Appellee, Julious Ebrom, filed suit against Miguel Hernandez, M.D. and McAllen Bone and Joint Clinic for
medical malpractice. Thereafter, appellant and McAllen Bone and Joint Clinic filed a motion to dismiss
and amended motion to dismiss pursuant to Texas Civil Practice and Remedies Code section 74.351,
claiming that the expert report filed by appellee was inadequate. Tex. Civ. Prac. & Rem. Code Ann. §
74.351 (Vernon Supp. 2006). On July 6, 2005, the trial court granted McAllen Bone and Joint Clinic's
motion to dismiss and denied the motion to dismiss filed by Appellant Hernandez. Several months later,
on January 4, 2006, the trial court entered an agreed order granting nonsuit, dismissing all of appellee's
claims against appellant with prejudice. Appellant filed his notice of appeal complaining of the trial court's
order denying the motion to dismiss on February 6, 2006.

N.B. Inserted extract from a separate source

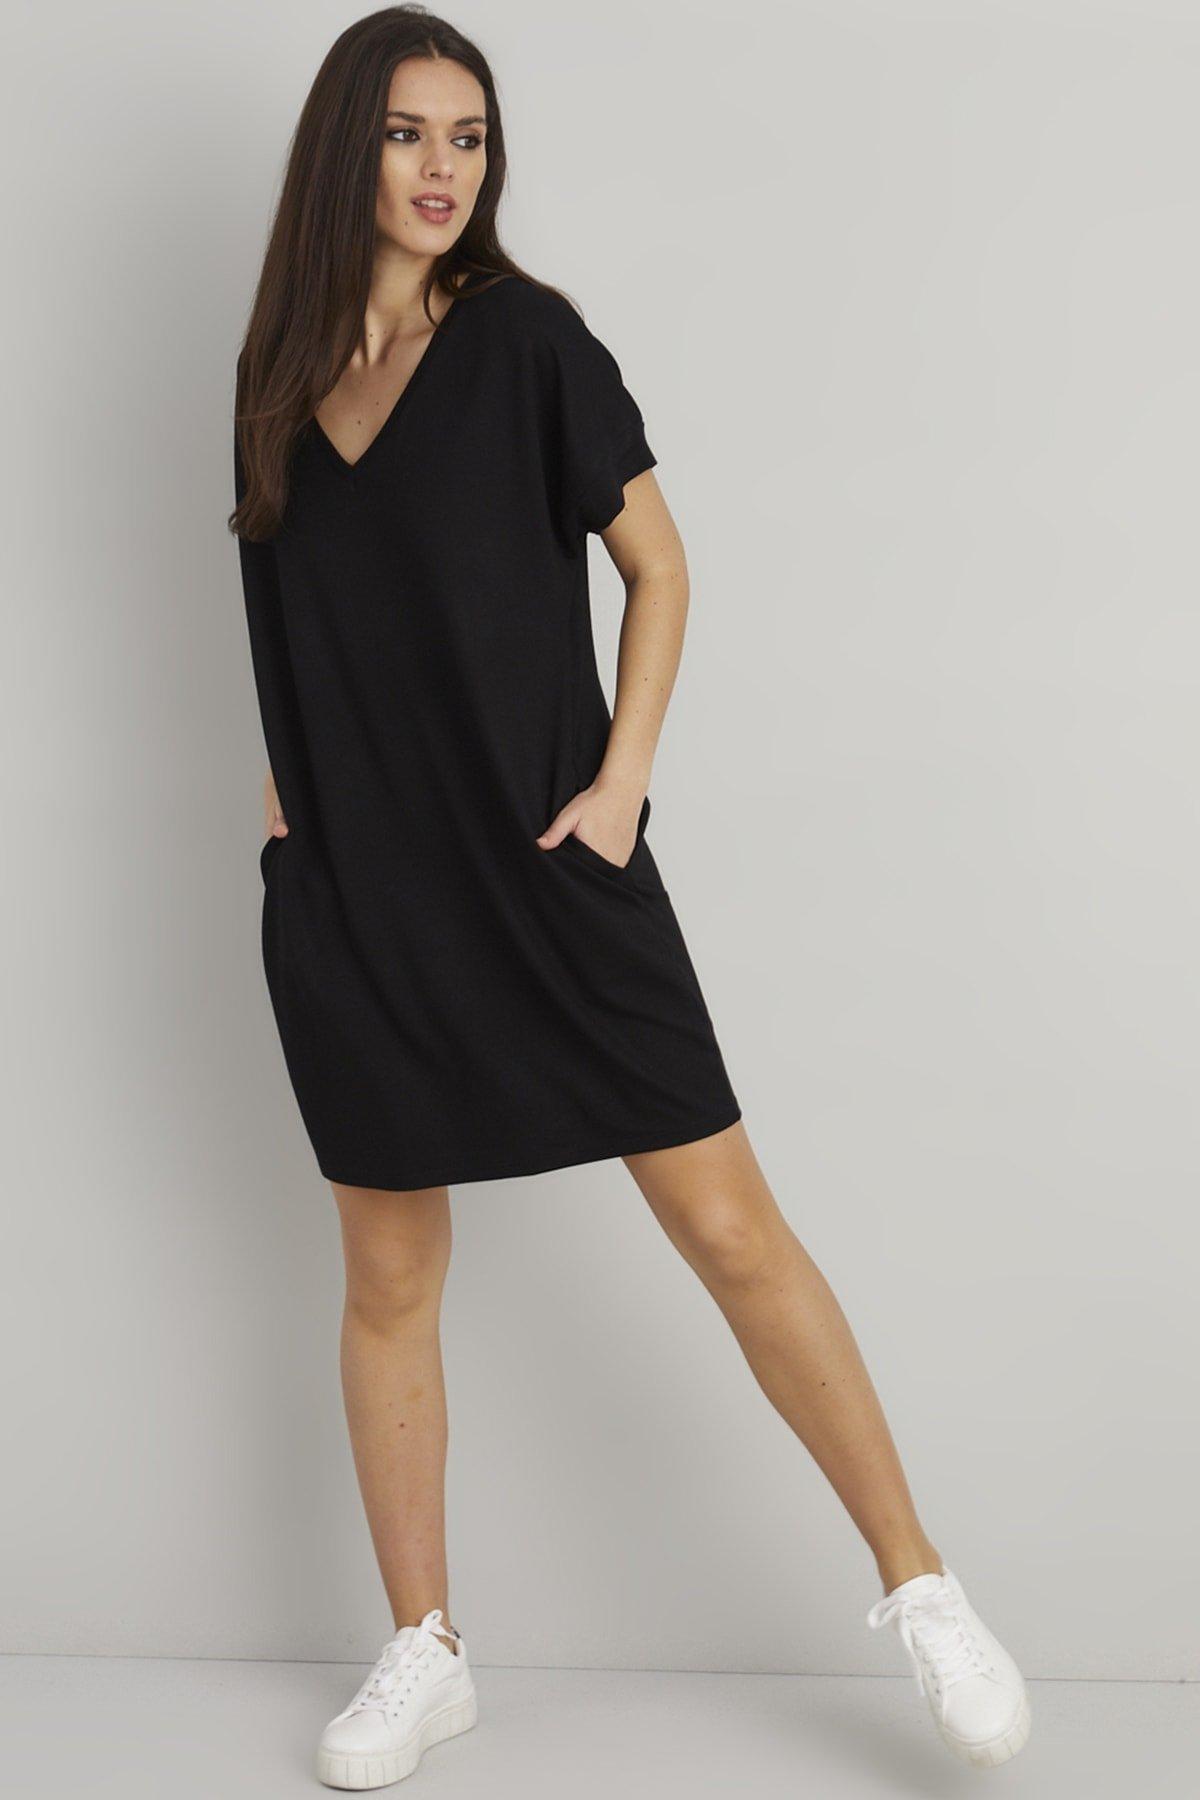 Cool & Sexy Siyah Sırt Baskılı Cepli Mini T-shirt Elbise

In two cases almost directly on point, this Court previously held that it lacked subject matter jurisdiction to
review similar orders denying motions to dismiss because they were rendered moot by the trial court's
subsequent dismissal of the cases by nonsuit. Barrera v. Rico, No. 13-04-480-CV, 2005 Tex. App. LEXIS
5683 *2 (Tex. App.-Corpus Christi, September 15, 2005, pet. filed); Villafani v. Trejo, No. 13-04-449-CV,
2005 Tex. App. LEXIS 8265 (Tex. App.-Corpus Christi, October 6, 2005, pet. filed). In Rico, this Court
held that the nonsuit vitiated the earlier order and rendered moot any controversy. Rico, 2005 Tex. App.
LEXIS 5683 at *2; See also In re Bennett, 960 S.W.2d 35,38 (Tex. 1997) (orig. proceeding). Because we
are bound to follow our own precedent, we likewise dismiss this appeal.
The appeal is dismissed.
Memorandum Opinion delivered and
filed this 8th day of February, 2007.